--- Data for analysis Enclosed Below ---
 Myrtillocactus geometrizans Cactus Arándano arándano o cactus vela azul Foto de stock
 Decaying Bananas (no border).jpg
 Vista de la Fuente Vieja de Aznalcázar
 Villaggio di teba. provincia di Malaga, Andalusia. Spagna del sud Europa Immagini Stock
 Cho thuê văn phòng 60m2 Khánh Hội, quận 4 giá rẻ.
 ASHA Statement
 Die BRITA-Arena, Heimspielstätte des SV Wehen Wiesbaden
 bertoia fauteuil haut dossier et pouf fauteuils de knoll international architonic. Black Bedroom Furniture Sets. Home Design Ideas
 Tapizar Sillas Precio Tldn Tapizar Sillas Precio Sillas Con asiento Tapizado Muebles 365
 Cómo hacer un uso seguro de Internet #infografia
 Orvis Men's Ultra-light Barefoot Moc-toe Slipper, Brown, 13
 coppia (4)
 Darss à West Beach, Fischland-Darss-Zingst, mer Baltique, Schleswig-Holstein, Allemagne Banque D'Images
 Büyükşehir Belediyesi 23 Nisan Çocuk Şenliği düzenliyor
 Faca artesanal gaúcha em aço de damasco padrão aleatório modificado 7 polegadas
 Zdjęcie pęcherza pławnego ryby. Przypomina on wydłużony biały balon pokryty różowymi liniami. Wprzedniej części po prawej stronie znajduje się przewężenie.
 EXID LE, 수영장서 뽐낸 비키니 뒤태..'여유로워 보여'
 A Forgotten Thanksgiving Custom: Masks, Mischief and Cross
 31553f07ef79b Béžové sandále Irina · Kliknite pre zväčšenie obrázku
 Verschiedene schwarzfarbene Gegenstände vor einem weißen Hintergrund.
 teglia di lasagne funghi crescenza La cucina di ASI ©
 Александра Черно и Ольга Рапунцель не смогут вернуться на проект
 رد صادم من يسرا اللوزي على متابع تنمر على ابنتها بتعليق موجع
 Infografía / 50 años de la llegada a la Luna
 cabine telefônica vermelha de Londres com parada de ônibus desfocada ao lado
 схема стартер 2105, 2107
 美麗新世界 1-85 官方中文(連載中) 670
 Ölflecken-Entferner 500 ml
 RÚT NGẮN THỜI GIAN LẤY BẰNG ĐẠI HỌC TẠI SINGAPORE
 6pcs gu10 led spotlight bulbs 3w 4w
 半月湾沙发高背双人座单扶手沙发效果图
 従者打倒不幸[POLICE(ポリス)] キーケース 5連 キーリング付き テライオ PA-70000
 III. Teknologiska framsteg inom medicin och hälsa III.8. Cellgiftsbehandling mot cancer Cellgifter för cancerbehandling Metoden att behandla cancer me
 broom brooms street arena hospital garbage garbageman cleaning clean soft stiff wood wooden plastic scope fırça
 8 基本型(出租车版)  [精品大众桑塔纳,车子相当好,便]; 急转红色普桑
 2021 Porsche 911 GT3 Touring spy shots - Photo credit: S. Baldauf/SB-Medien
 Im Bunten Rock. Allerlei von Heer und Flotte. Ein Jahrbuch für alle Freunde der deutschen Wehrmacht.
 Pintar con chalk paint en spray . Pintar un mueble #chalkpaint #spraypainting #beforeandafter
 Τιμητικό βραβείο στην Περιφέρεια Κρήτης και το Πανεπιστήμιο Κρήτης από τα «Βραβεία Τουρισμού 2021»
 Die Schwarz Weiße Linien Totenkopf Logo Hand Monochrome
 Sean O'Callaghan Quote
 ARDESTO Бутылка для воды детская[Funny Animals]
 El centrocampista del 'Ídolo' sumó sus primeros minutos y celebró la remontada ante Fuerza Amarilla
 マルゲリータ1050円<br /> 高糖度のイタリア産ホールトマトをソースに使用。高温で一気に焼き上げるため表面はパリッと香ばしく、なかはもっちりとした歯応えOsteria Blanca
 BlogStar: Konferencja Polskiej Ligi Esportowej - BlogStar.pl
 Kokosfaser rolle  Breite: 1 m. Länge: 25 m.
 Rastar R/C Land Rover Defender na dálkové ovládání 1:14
--- End of Enclosed Data for analysis ---
Among the entries above, the line containing "Orvis Men's Ultra-light", the line containing "Александра Черно и", and all lines between them are to be restated word for word; nothing else belongs in the reply.

 Orvis Men's Ultra-light Barefoot Moc-toe Slipper, Brown, 13
 coppia (4)
 Darss à West Beach, Fischland-Darss-Zingst, mer Baltique, Schleswig-Holstein, Allemagne Banque D'Images
 Büyükşehir Belediyesi 23 Nisan Çocuk Şenliği düzenliyor
 Faca artesanal gaúcha em aço de damasco padrão aleatório modificado 7 polegadas
 Zdjęcie pęcherza pławnego ryby. Przypomina on wydłużony biały balon pokryty różowymi liniami. Wprzedniej części po prawej stronie znajduje się przewężenie.
 EXID LE, 수영장서 뽐낸 비키니 뒤태..'여유로워 보여'
 A Forgotten Thanksgiving Custom: Masks, Mischief and Cross
 31553f07ef79b Béžové sandále Irina · Kliknite pre zväčšenie obrázku
 Verschiedene schwarzfarbene Gegenstände vor einem weißen Hintergrund.
 teglia di lasagne funghi crescenza La cucina di ASI ©
 Александра Черно и Ольга Рапунцель не смогут вернуться на проект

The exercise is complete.